The curved mountaintops blanketed in milky green grass gave way to infinite blue sky. Cows grazed on land speckled with wind turbines. If it wasn’t for the unpaved roads and one-storey houses in pops of candyfloss pink and lime, I could easily have been in the Alps rather than Monteverde in northwestern Costa Rica.
It is a landscape far removed from the postcard pictures of beaches and rainforests for which the Central American nation is famous. And that’s just the way the locals, who have long been keen to keep the fertile region secret, like it — so much so that they’ve campaigned to stop developers paving the gravel roads leading here.
While access to the small community is steadily improving, reaching Costa Rica has never been easier. But despite the rattling drive, about 250,000 visitors still make their way to Monteverde every year, mostly to admire the cloud forest. I came for a lesser-known attraction: cheese. The town’s foundations are intertwined with curds and whey. It was a largely untouched patch of land until a group of American Quakers chanced upon it in 1950. The 11 families from Alabama sought refuge from conscription and, as Costa Rica had abolished its national army in 1948, it seemed the perfect escape.
“This town belongs to the Quaker families, they are the ones who named it,” said my guide, Rosie, as we wandered through the factory they established in 1953, looking into labs replete with pipettes and scales and peering through windows at the production lines where men in white suits hauled great slabs of cheese from vats.
Without any prior cheese-making experience, the families wrote to the US department of agriculture for guidelines. They arrived in the post and the rest is history: Monteverde Cheese Factory became the first place to pasteurise cheese in Costa Rica and is now the second biggest producer in the country.
The factory’s repertoire has swelled since the early days. I sampled a smooth manchego, a milky edam and a sharp cheddar, among others. But it&’s signature Monte Rico that is the queen cheese — a silky, mild, melt-in-the-mouth concoction, aged for just 10 days.
Monteverde cheeses appear in numerous guises on local tables: fried strips of Montino Semiduro top breakfast plates of gallo pinto — Costa Rica’s national dish of rice and beans; nuggets of queso turrialba are baked until gooey, inside flaky corn empanadas; and grated Monte Rico dusts tacos heavy with marinated pork.
A walk to the neighbouring town of Santa Elena, cone in hand, takes you past tiny galleries, shops selling handicrafts and coffee plantations. But the owner of local roastery and coffee house Beso Espresso told me the best beans came from the regions of Alajuela and Heredia, and that barista-style coffee was hard to come by.
Long a primary export, coffee propelled Costa Rica into one of the region&’s wealthiest countries. But before the beans were introduced, the republic was famous for another crop native to Latin America: cacao. And eastwards, beyond the sprawling cloud forests lies a region ripe for its production. La Fortuna, meaning “the Fortune”, is a cradle of fresh produce. “It has a very rich soil that&’s good for agriculture,” explained Erica, my guide on the Rainforest Chocolate Tour, as rain tapped the tin roof and dripped from the trees.
At the foothills of the town’s number one calling card — the mighty Arenal Volcano — I marvelled at the pendulous baubles of cacao. The traffic light-shaded pods command a lot of local significance. In 1709, the seeds became Costa Rica&’s first official currency. And it was here in Mesoamerica that the bean, rather than the flesh, was first used.
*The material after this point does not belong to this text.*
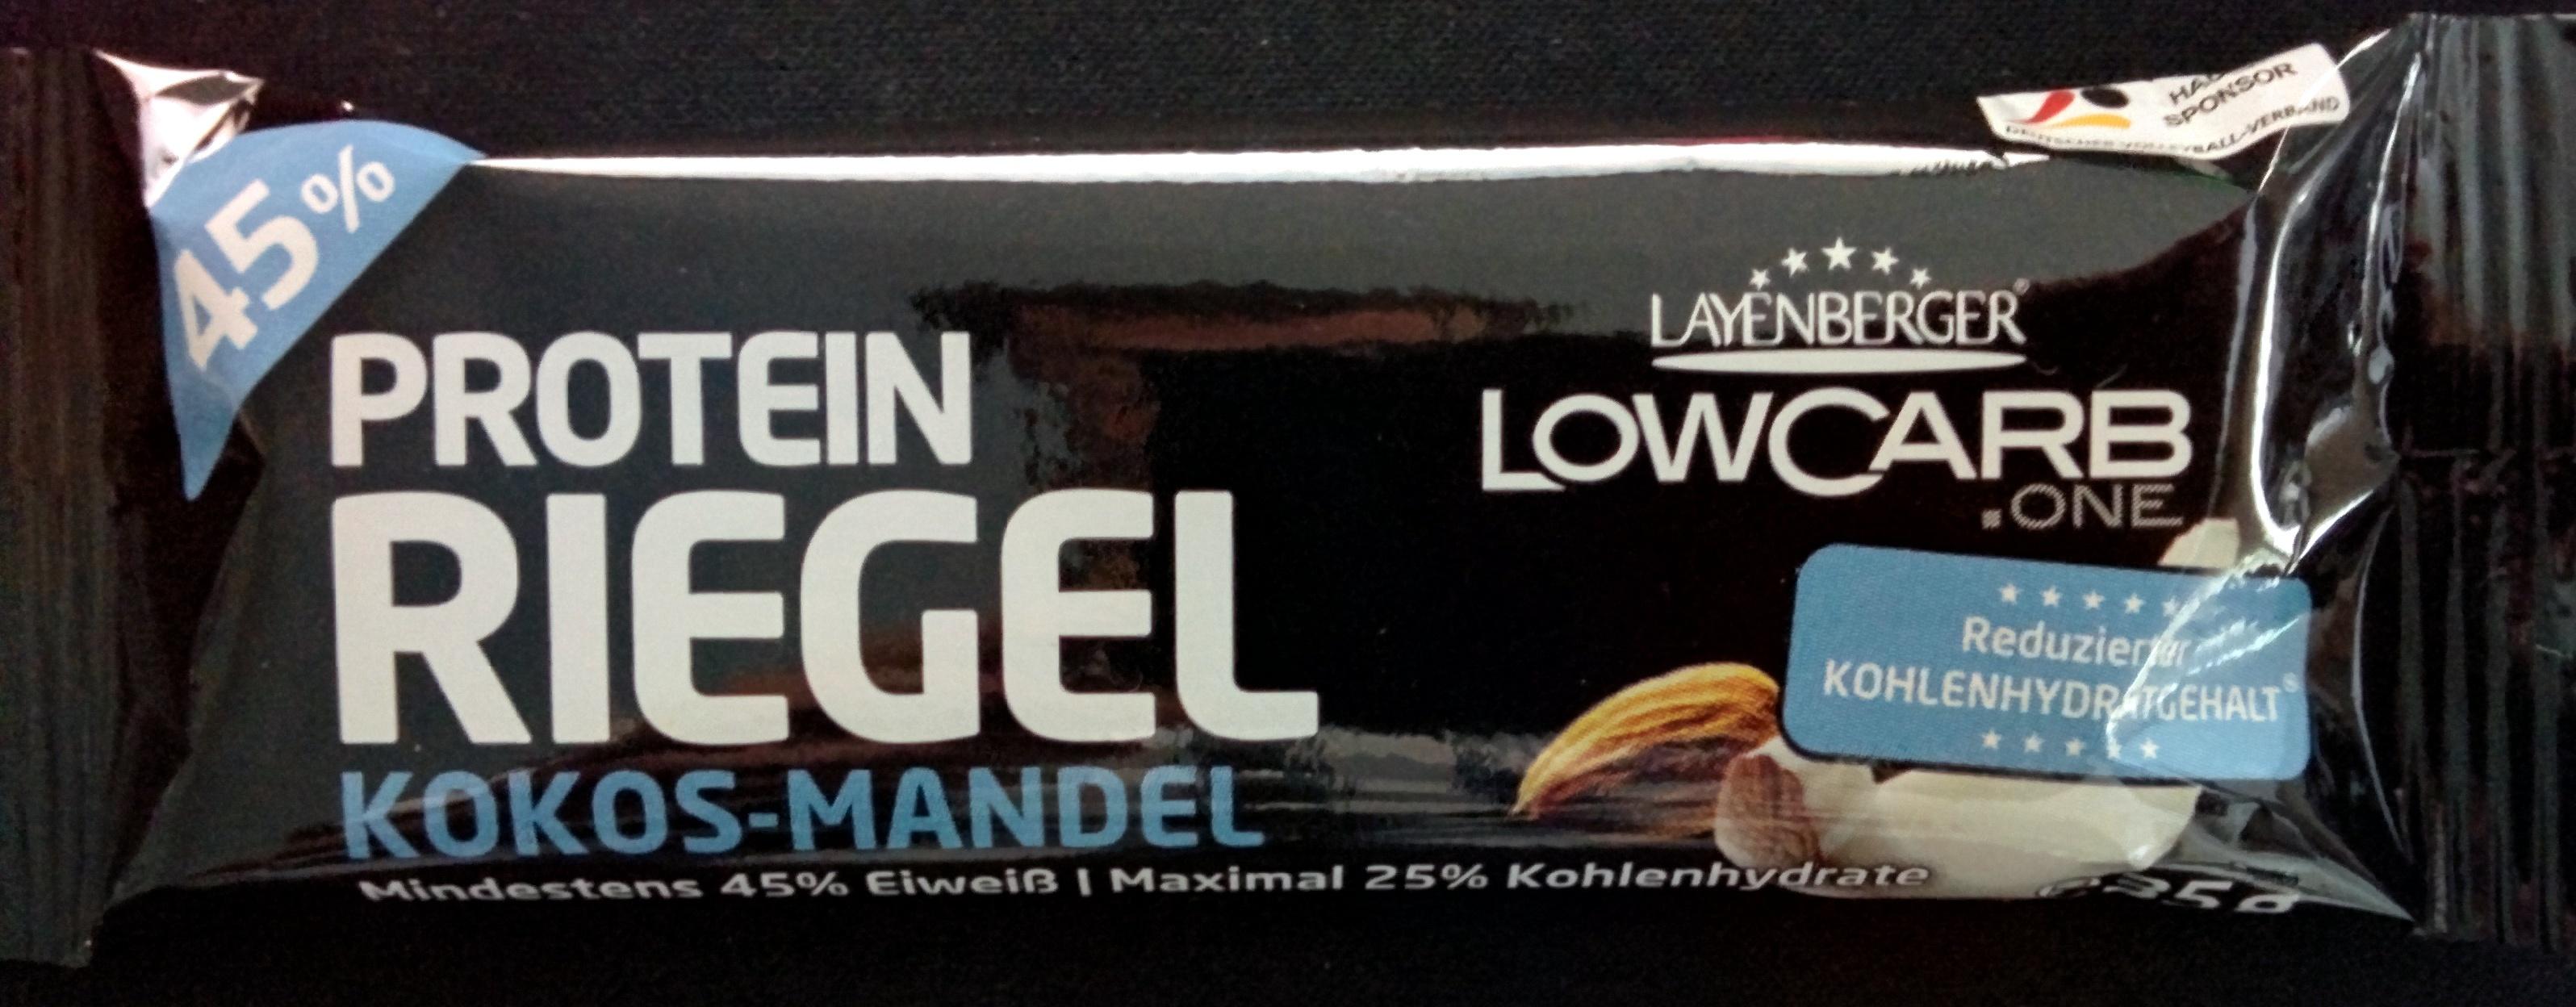 Protein Riegel Kokos-Mandel - Product - de

“It was considered the food of the gods,” Erica said, leading the way through thick rainforest, over muddy earth and past tree trunks wrapped in vines to see the fruit, the path lined with clusters of pepper and bunches of pink bananas. Cacao was first used as a bitter drink in the early 1500s, she explained. The toasted, ground beans would be mixed with vanilla (for aroma), chilli (to heighten flavour), maize (for thickness) and water, to be savoured by the elite, often during religious rituals.
Today there are few cacao plantations in Costa Rica, after a fungus blighted crops in the ’70s. But thanks to the recent introduction of disease-resistant strains, cacao farms are starting to spring up across the country once again, namely in the form of small, artisanal and organic operations that focus on high-quality cacao confections sold locally. Most Ticos, Erica explained, still consumed chocolate in its liquid form with an afternoon snack of tortillas or tamales.
In La Fortuna, Erica walked me through the bean-to-bar process, each stage accompanied by a distinct scent: the surprisingly fruity aroma of the raw beans, the acidic whiff of them fermenting and the rich, smoky scent when roasting. But ultimately I was holding out for the same final stage: tasting the melted product. Armed with teaspoons, I could drink as much as I wanted — the thick molten liquid coating my tongue, accompanied by sweet hits of orange essence, vanilla, sea salt, almonds, hibiscus.
Although I had sampled more than my fill, I daydreamed about what it must be like to live in a land where cacao grows on trees. Erica offered a solution, “We’re looking for new Oompa-Loompas.”